In “The Violet Hour,” Greenberg recreates the early 20th century

-- 1919, to be exact -- when a novice Manhattan book publisher fresh

from Princeton and World War I is searching his cluttered office for

his evening theater tickets. He also faces a decision: He must choose

between two manuscripts for publication, one a massive tome written

by his best friend, the other an autobiography of his lover.

Before he steps into a Broadway-bound cab that night, a lifetime

of love and personal and career decisions may already have passed --

or just begun. Such is the nature of the prolific Greenberg’s prose.

Greenberg’s latest SCR project, his eighth, ranks him as the

most-produced living playwright at South Coast Repertory, and as the

third all-time produced, beating out Moliere, Tennessee Williams,

Arthur Miller and Harold Pinter. Only Shakespeare and Shaw have seen

more action than Greenberg on the SCR stage in its 37 years, and

Greenberg didn’t connect with the Costa Mesa theater until 1991.

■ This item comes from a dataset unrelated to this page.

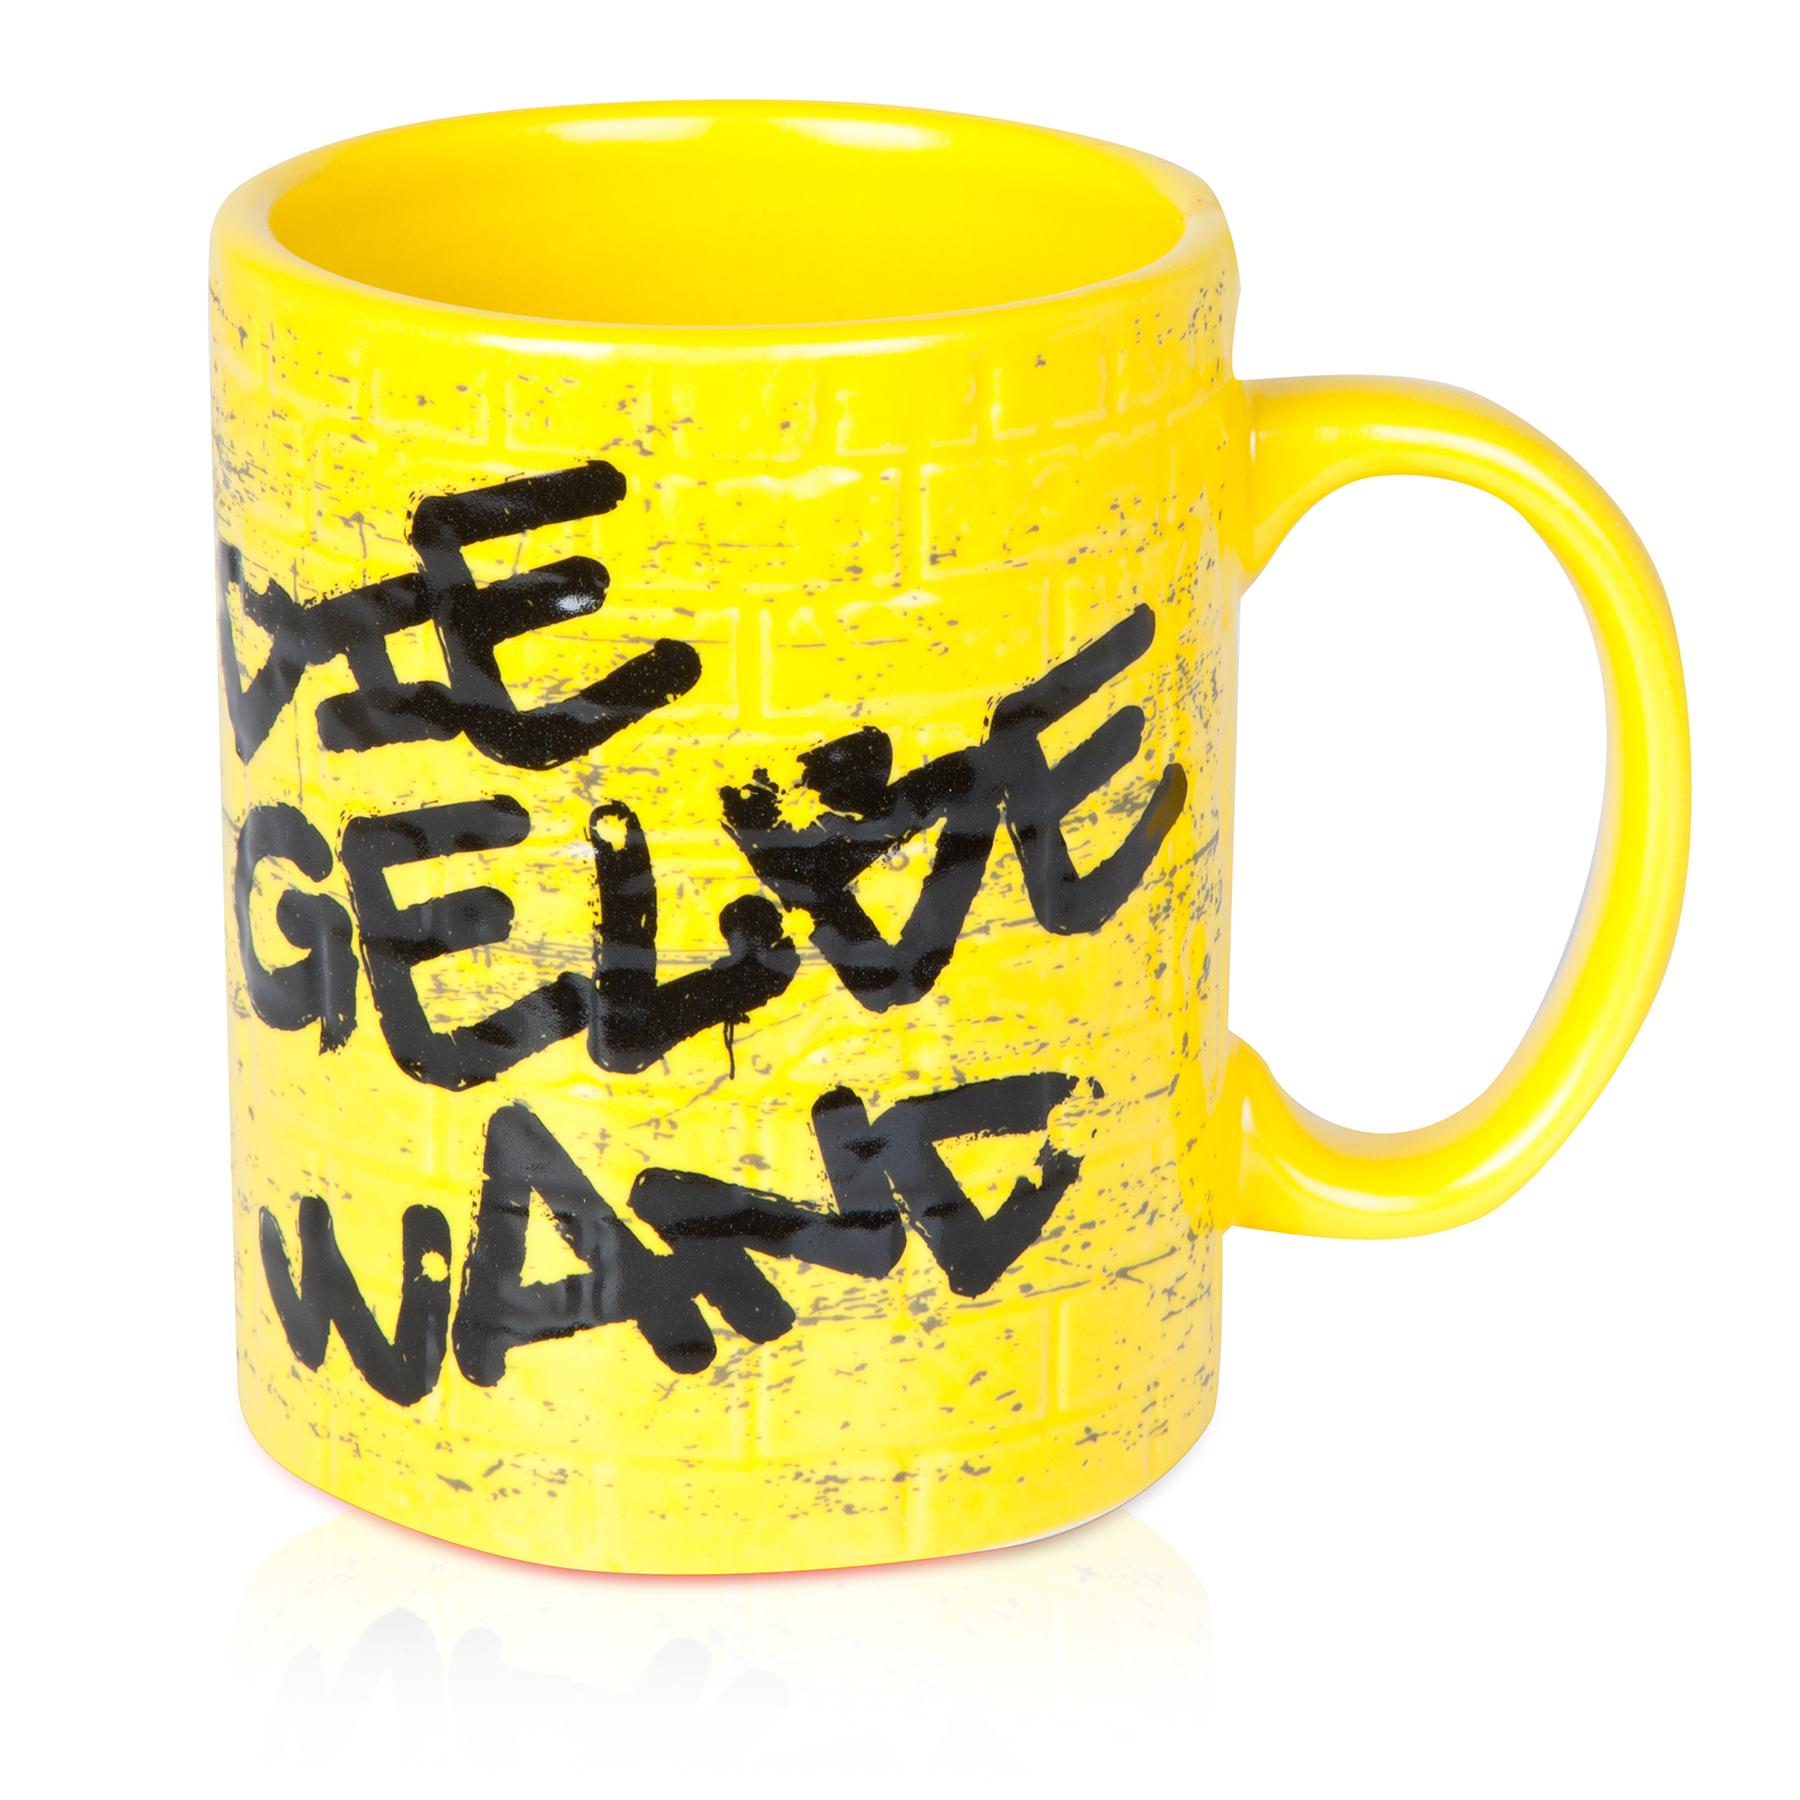 Image of BVB Brick Wall Mug Yellow

Not that his plays are created exclusively for SCR. Greenberg, a

New Yorker, is enjoying great success with his new play, “Take Me

Out,” one of off-Broadway’s hottest tickets. It concerns a gay

baseball star who comes out. The play opened this summer in London to

strong reviews from a British press largely ignorant of baseball.

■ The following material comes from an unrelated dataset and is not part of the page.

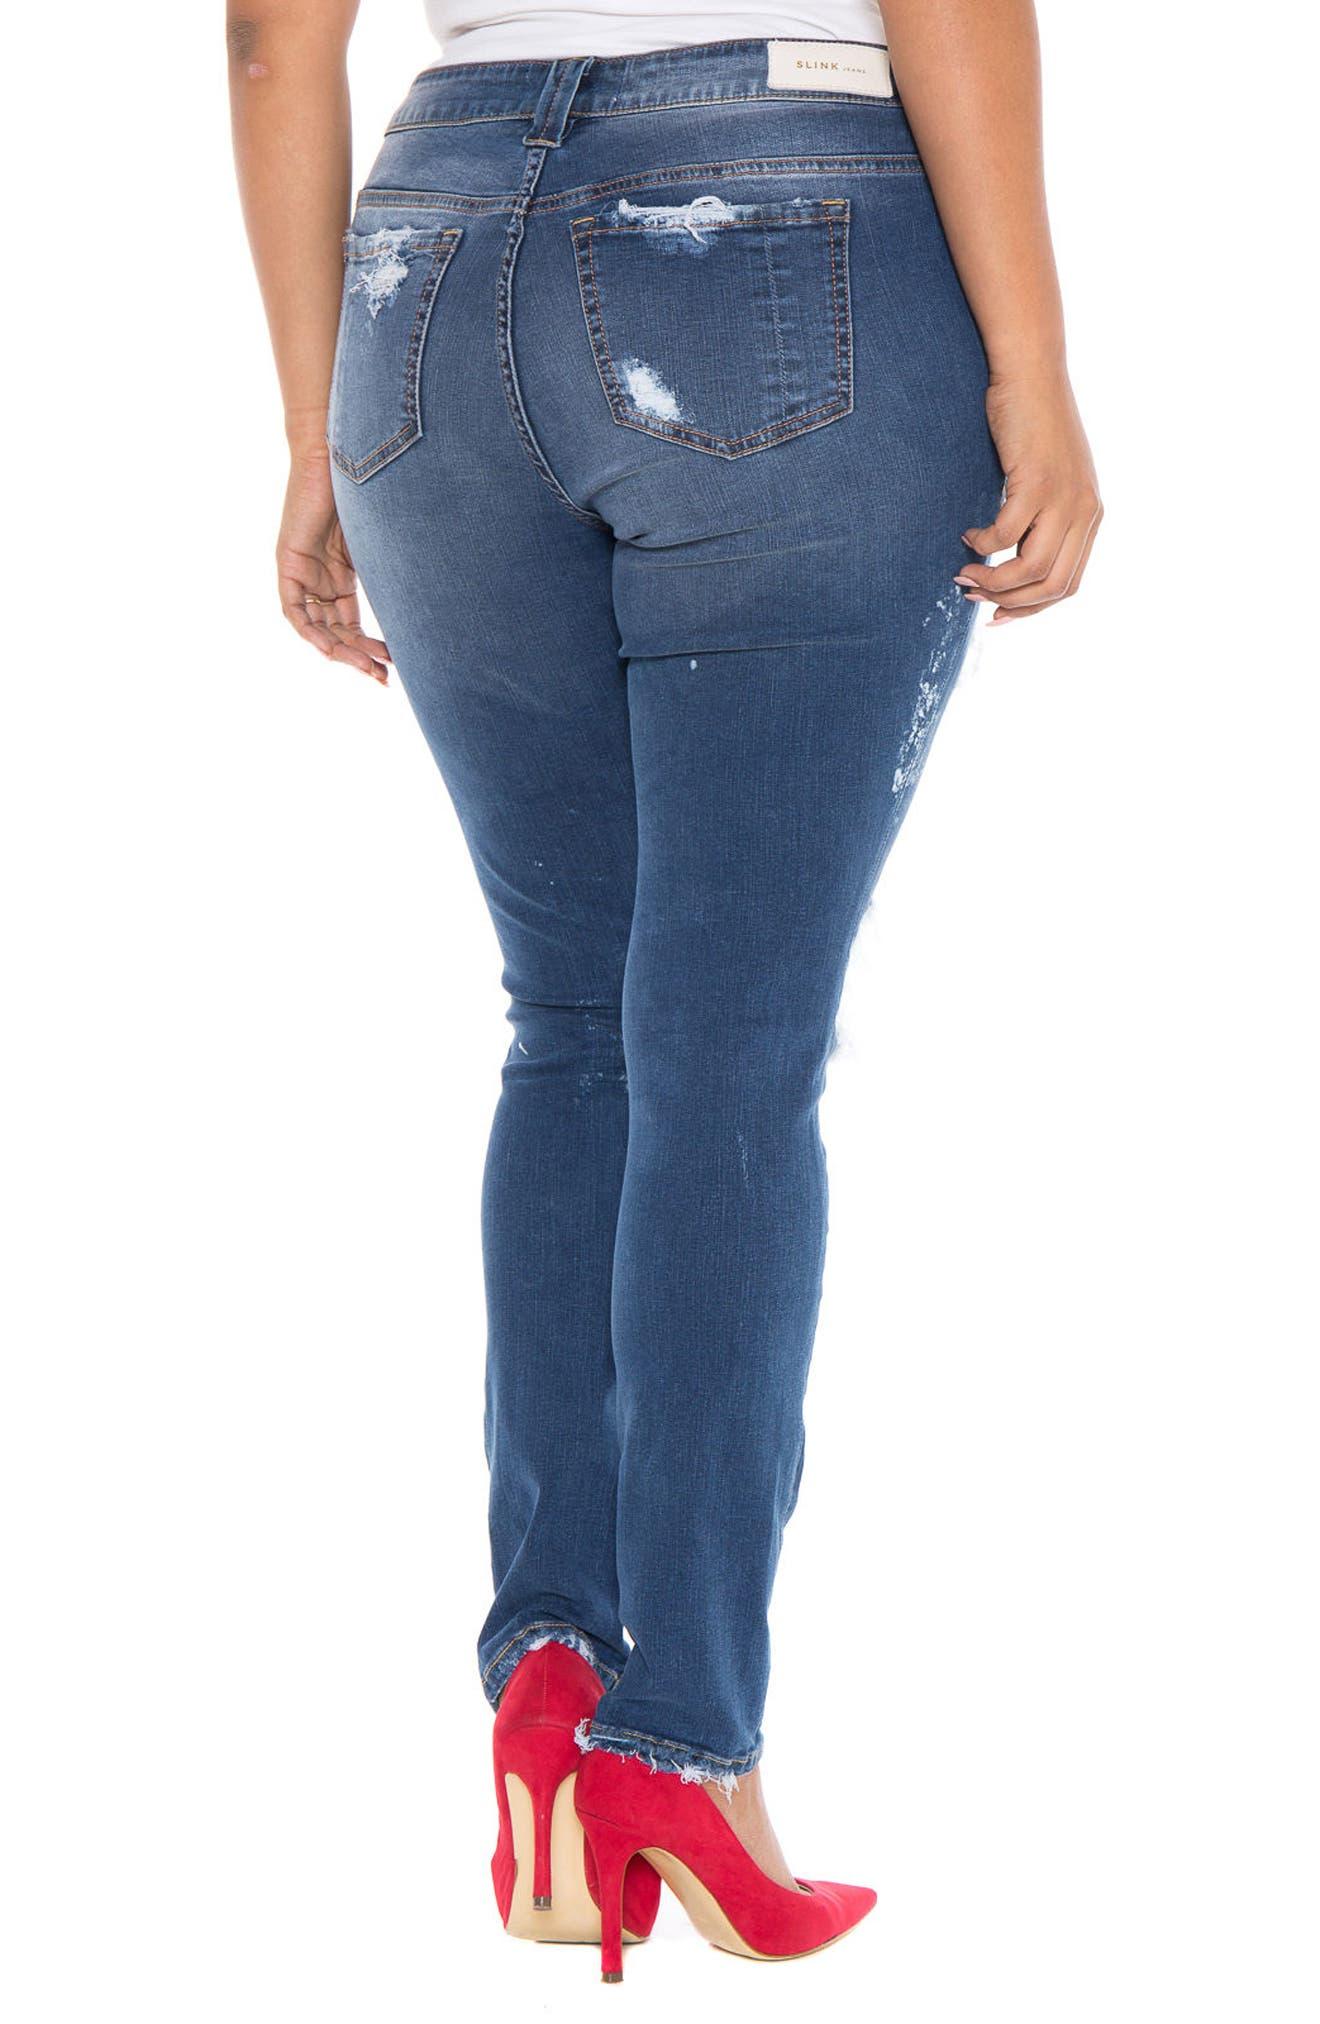 SLINK Destroyed Skinny Jeans,                             Alternate thumbnail 2, color,                             492

His New York leanings are apparently even stronger than Woody

Allen’s. Hollywood has beckoned the playwright many times, only to be

rebuffed. Greenberg won’t live anywhere but New York (although he

holes up in Costa Mesa’s Marriott Suites when in town for an SCR

project).

The director of “The Violet Hour” is quite familiar with

Greenberg’s unique style of writing. Evan Yionoulis also staged the

playwright’s world premieres of “Everett Beekin” and “Three Days of

Rain” for SCR. She’s also directed Greenberg’s plays “The American

Plan and “The Author’s Voice.”

While the current production of “Major Barbara” on the theater’s

remodeled Segerstrom Stage features four actors who have been with

the company since the mid-1960s -- Richard Doyle, Martha McFarland,

Don Took and Hal Landon Jr. -- the cast of “The Violet Hour” consists

of five performers making their SCR debuts.

Hamish Linklater portrays the harried publisher, Curtis Mark

Williams is the best friend, Michelle Hurd enacts the publisher’s

lover, Kate Arrington is Williams’ fiancee and Mario Cantone is

Linklater’s obsequious assistant.

With a brand-new theater, a brand-new play and a cast of actors

all unfamiliar to SCR audiences, “The Violet Hour” represents the

inaugural of a new era at South Coast Repertory.

* TOM TITUS writes about and reviews local theater for the Daily

Pilot. His reviews appear Thursdays and Saturdays.